Hindsight is great but I think I might have tried to say, "what do you think about that? Do you think that's OK? What about Mr. Smith/Mohammed at school/insert person they like and respect?"

Having the child question racism and authority that is wrong is sometimes more effective than just trying to insert another authority.

73kittycat73 · 26/07/2018 00:58

, I'm furious, I tell her off and possibly put the fear of god in her regarding what will happen if I ever hear her speak like that again.

I don't think that was fair - She was only repeating what she was told and can't understand yet I'm sure? You should have gently explained to her why it was wrong and saved your ire for ex-DP!

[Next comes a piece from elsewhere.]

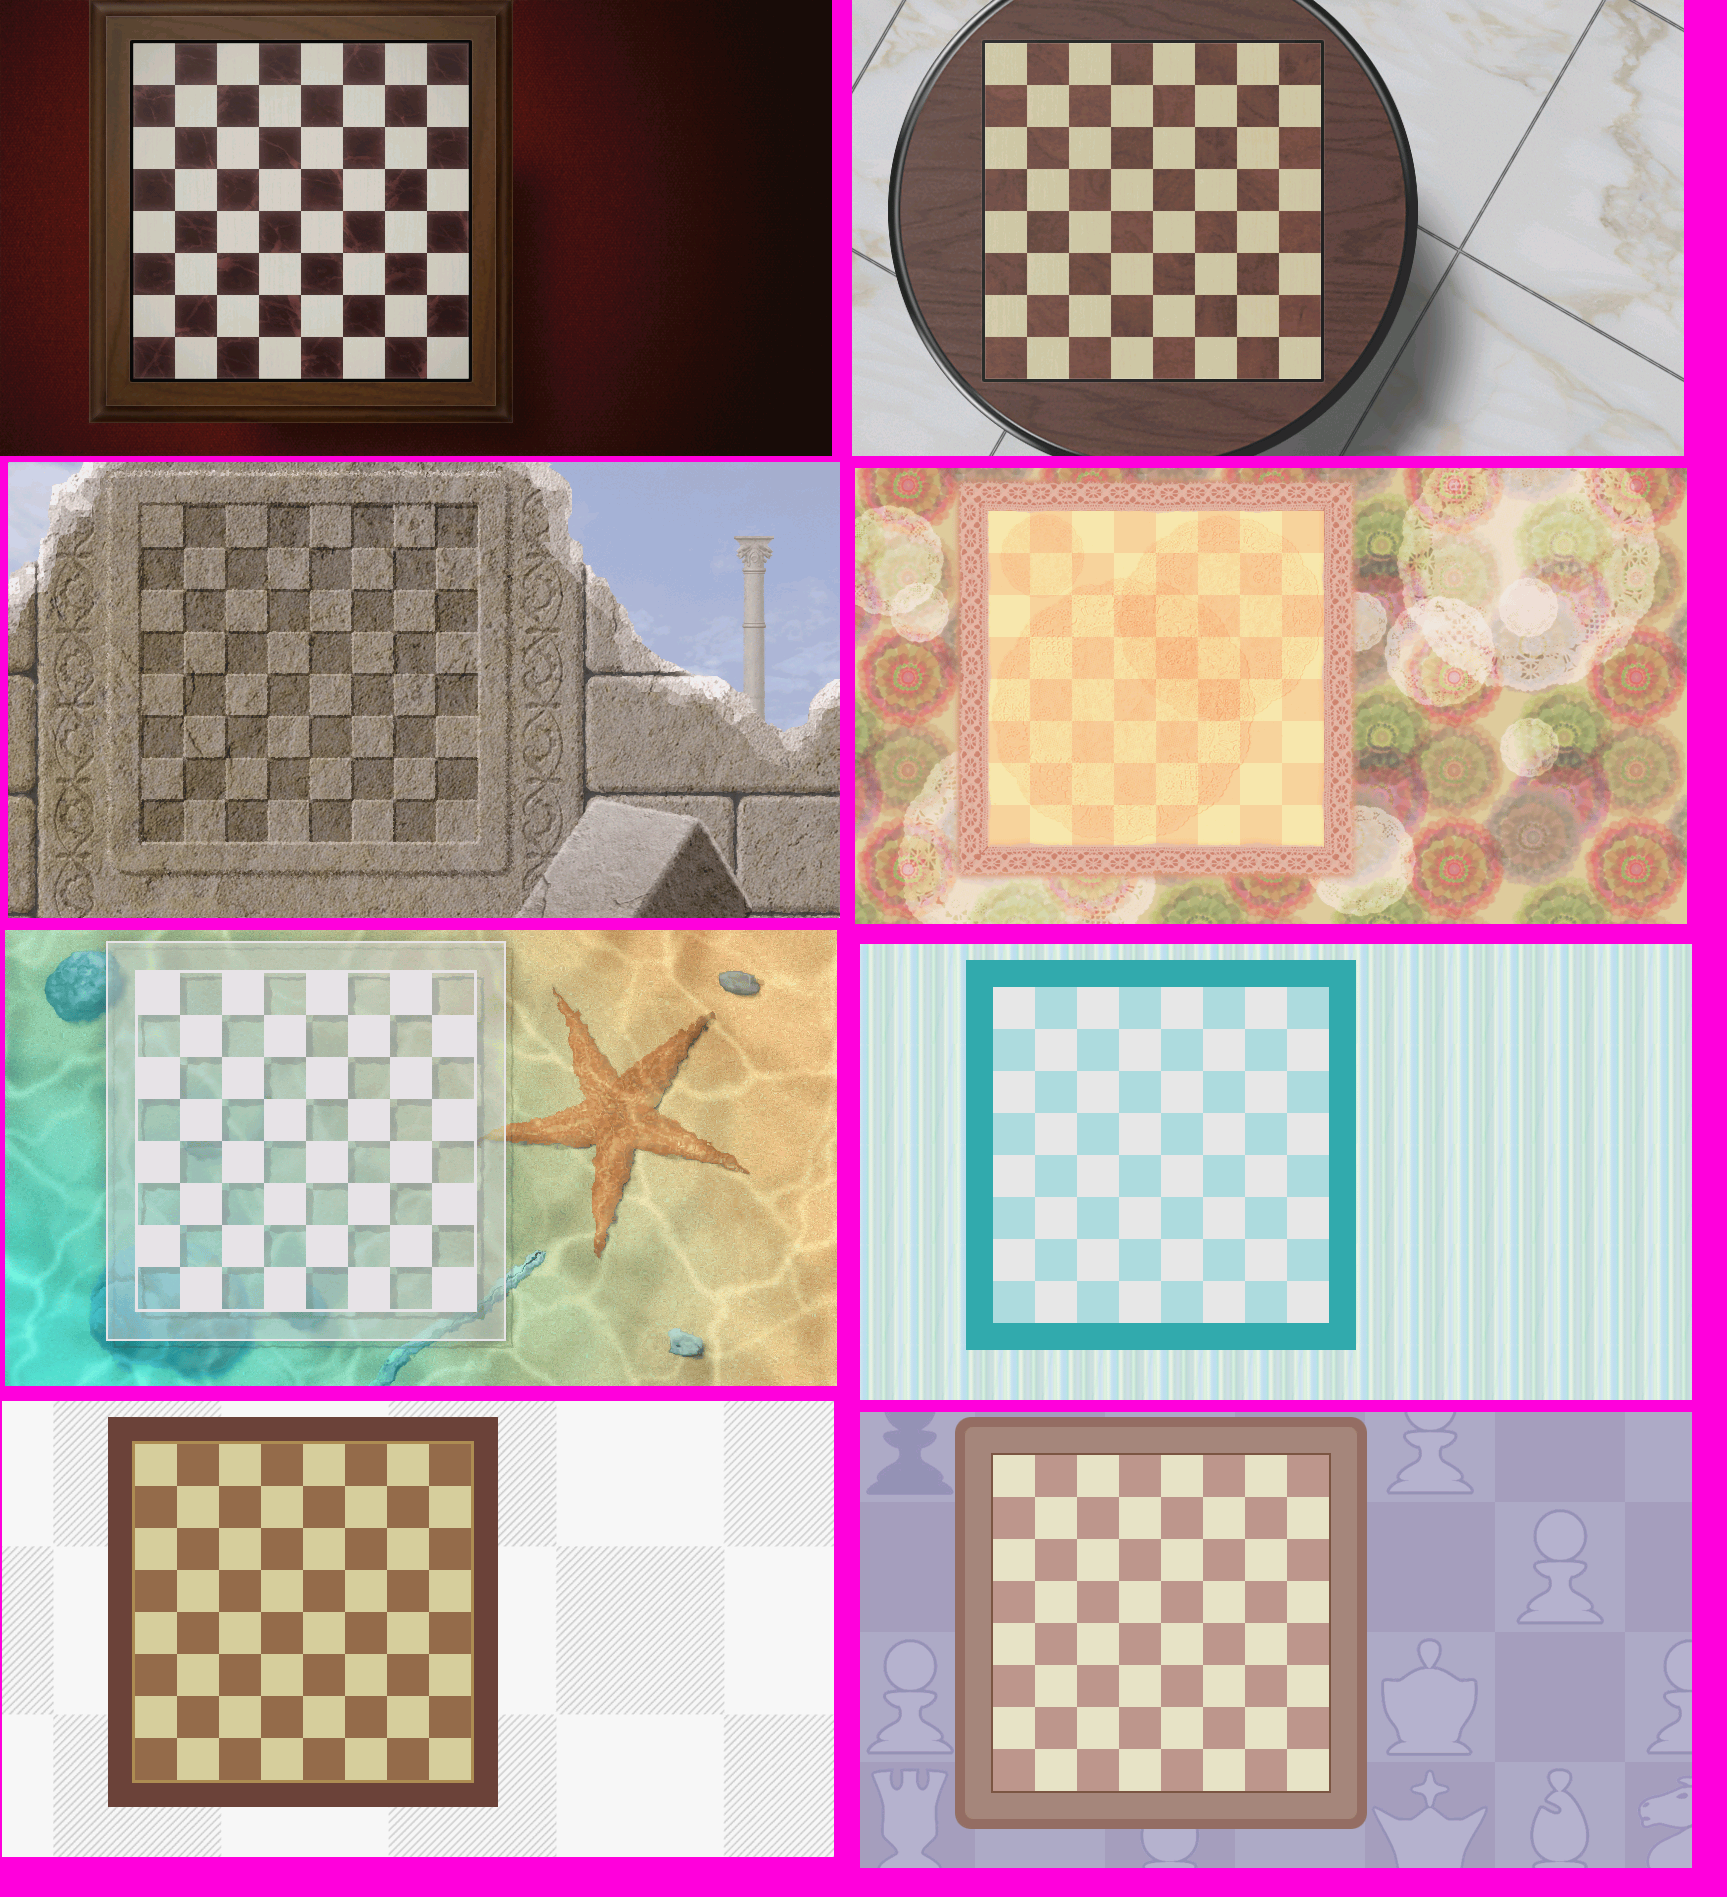 Wii Chess - Chessboards
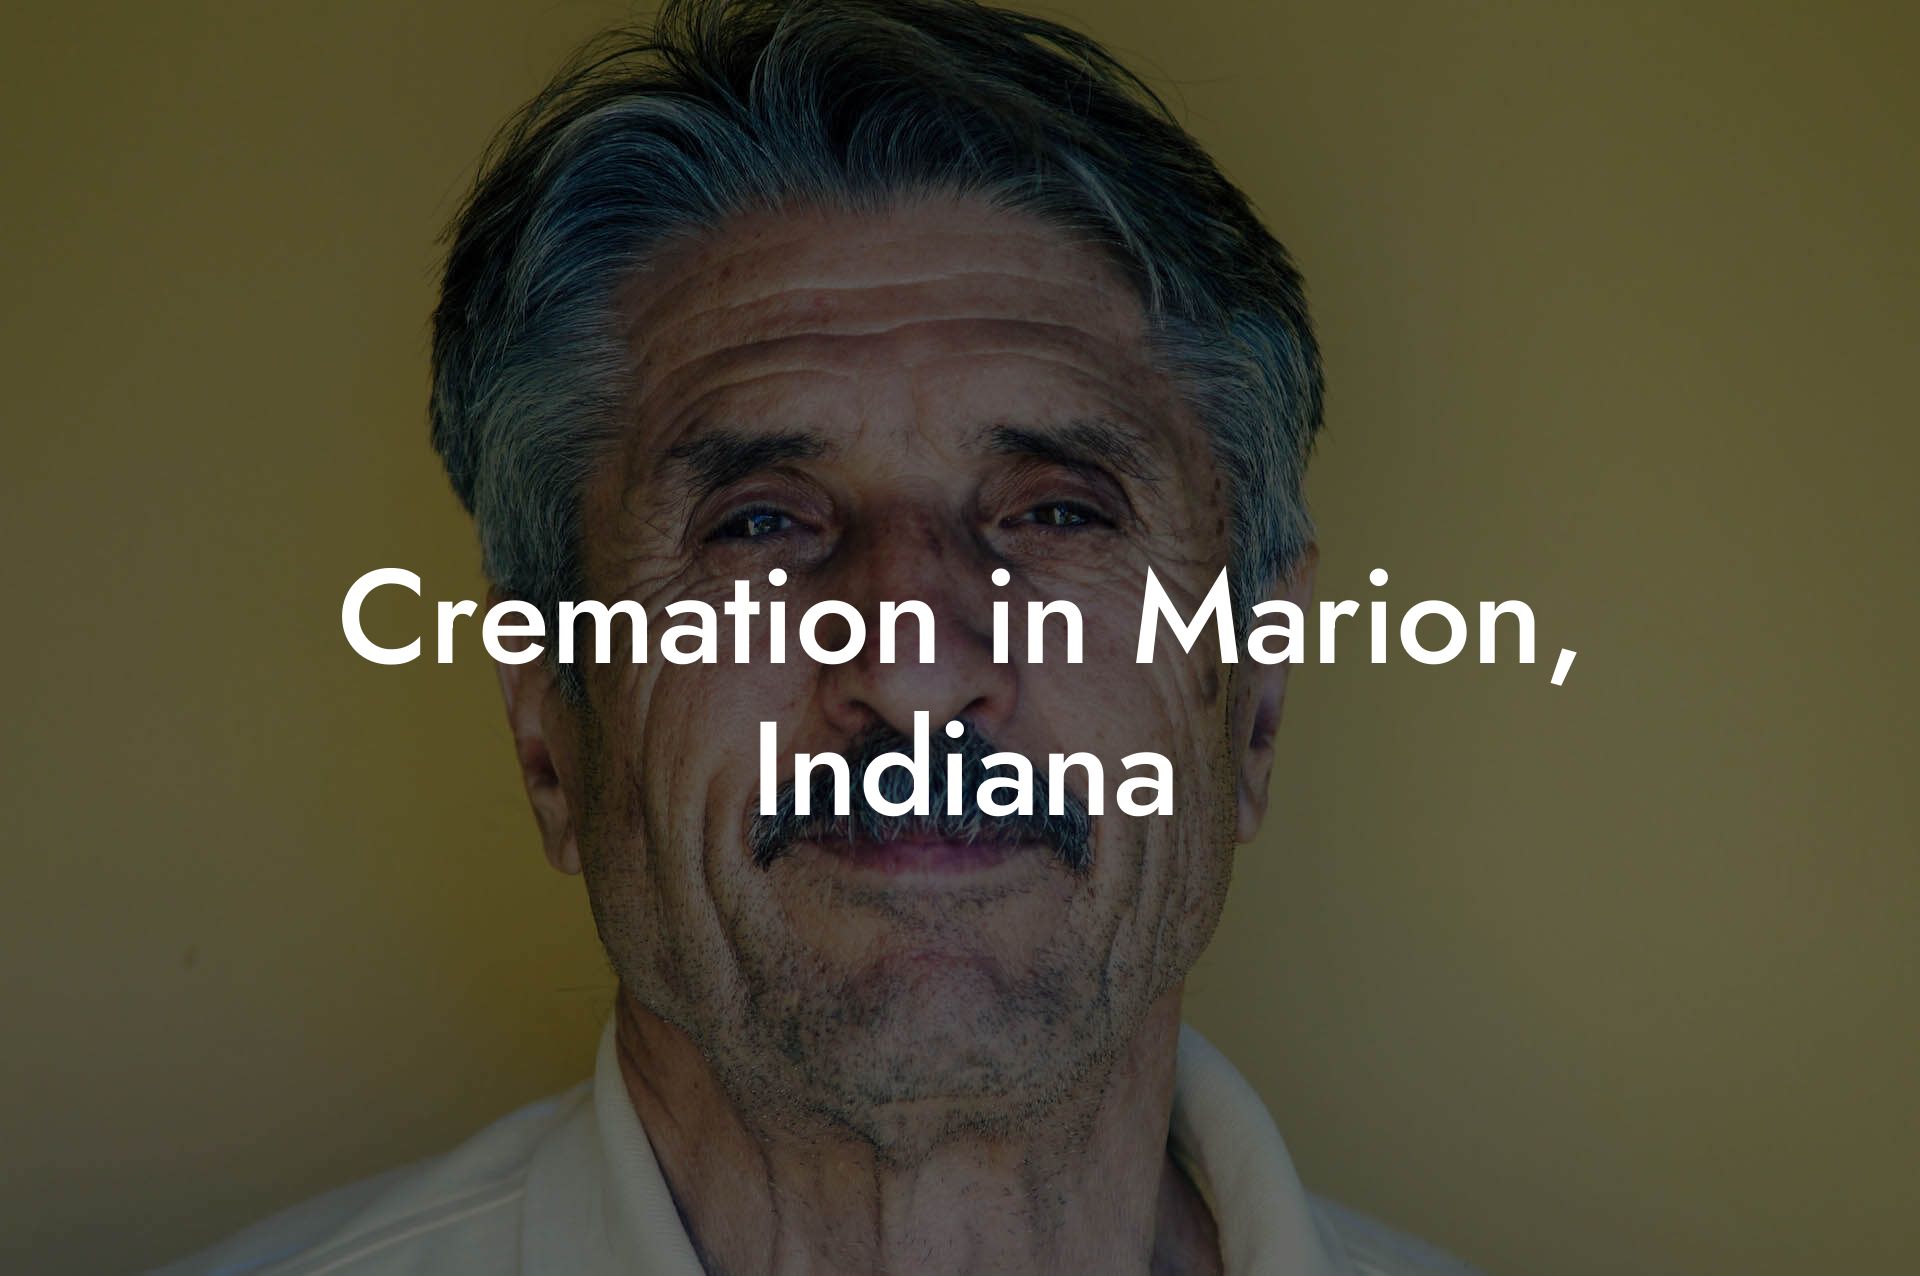 Cremation in Marion, Indiana

Seasawride · 26/07/2018 01:03

You Handled the situation with your dd badly and need to sort that out.

You can’t change her dad but by yelling and threatening her you are as bullying.

Hsve s chst with her tomorrow, ask her to forgive you ranting.

They do sound vile op but you need to be the reasonable alternative

Aintnothingbutaheartache · 26/07/2018 01:08

Right, so basically exp and his family are a bunch of small minded, ignorant bigots.
Don’t get angry with DD for repeating what she’s heard, she like a sponge at that age.
Make sure she understands why what they say is inappropriate and wrong. Be open and vocal about understanding and acceptance.
The tell your ex to fuck right off with his nauseating shite, honestly what a complete wanker

FarFlungFairy · 26/07/2018 01:16

How the fuck is this DD’s fault? She’s relayed to you what her dad told her not declared her undying love for the BNP and requested Klan membership!
Focus your anger on her prick of a dad, stop contact now before it’s too late.

nandaandm · 26/07/2018 06:39

I was.furious, but with him. I did tell tell her off and she knows why it's wrong. But I didn't scream and shout at her. Anyway thanks for the replies.

OP posts:
ManyCrisps · 26/07/2018 16:21

Also because you told her off she may be unlikely to tell you what racist views her dad has shared because she is worried about your reaction.